Or, de la même manière que nous avons critiqué l’usage préférentiel des concepts théoriques liés au sexuel, pour envisager plutôt les processus de sexualisation, nous devons nuancer la catégorie de « pulsionnel », habituellement jugée comme élément élémentaire et irréductible. Que serait un corps sinon un ensemble coordonné de pulsions ? Nous avons vu avec Francisco Varela qu’une vision prescriptive du monde naturel et humain pouvait distorde notre champ de perception et d’évaluation. Parler de pulsion revient à parler d’un donné qui s’établirait en-dehors de toute structure relationnelle. Or, nous l’avons vu, il faudrait envisager les choses autrement parce qu’il n’y a pas d’expérience qui puisse en fait exister en-dehors de ce cadre, en vertu même du principe de sensorimotricité – lequel implique tout corps au cœur des modalités d’interaction qui le lient à ses environnements perçus. Une expérience est ainsi toujours incarnée et située dans cette intrication du fonctionnement sensorimoteur des corps avec leurs environnements d’expériences qu’ils réinventent constamment (F. Varela, E. Thompson & E. Rosch, 1991). De même, l’exercice de la pensée, l’ouverture de l’imaginaire puis l’élaboration symbolique et structurelle du langage prennent toutes racine dans ce cadre.

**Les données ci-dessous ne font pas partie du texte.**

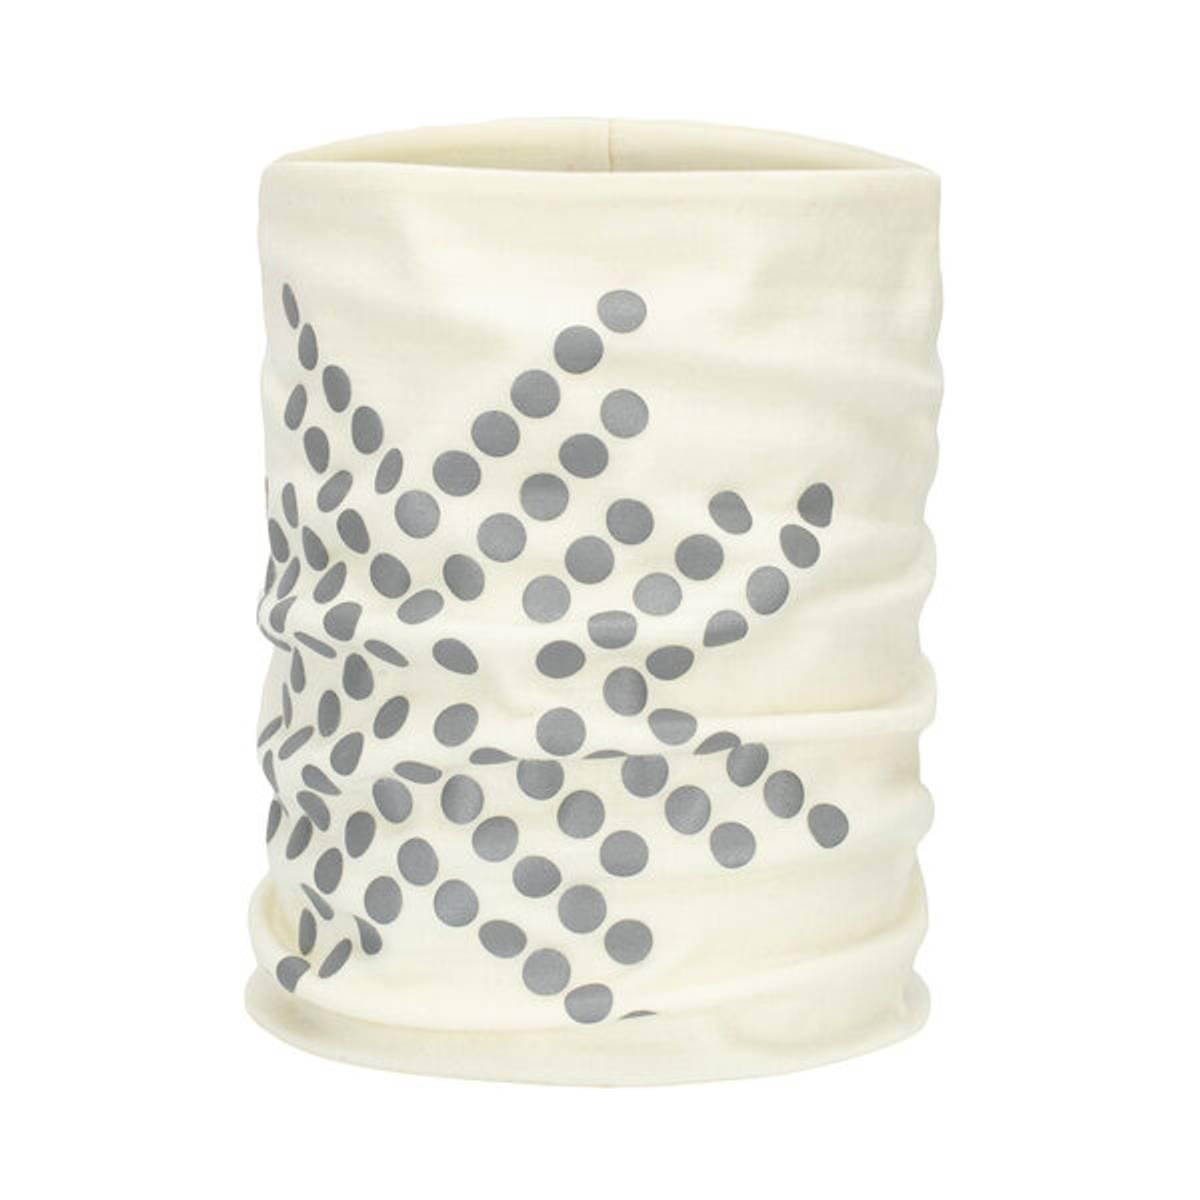 Morild Sølvfaks hals med refleks, hvit

Les modalités d’interaction qui régulent nos expériences aujourd’hui sont de surcroît interdépendantes des systèmes de règles et de dettes qui forment nos environnements sociaux de façon artificielle (joignant le corps aux actes de langage, au sens d’artifier emprunté à la chercheuse en neuroesthétiques Ellen Dissanayake) et répartissent les espaces de pouvoir – notamment en fonction des critères de genre (Kate Millett, Sexual Politics, 1970), mais aussi de race, de classe et entre autre, de validité. C’est parce qu’il y a ce regard de l’autre que ma relation à mon corps embarque avec elle la mémoire d’une sanction et sa situation traumatique. Si le pulsionnel désigne tout ce qui du corps n’est pas pris en charge dans le champ social, laissé à la charge de l’individu-e qui se devra de le contenir, alors non seulement la dimension sociale doit être prise en compte dans sa qualité de regard auquel on soustrait la pulsion, mais aussi comme espace de rupture de l’intimité de la personne avec son propre corps. À qui alors adresser la douleur ou le plaisir de ce corps-là ?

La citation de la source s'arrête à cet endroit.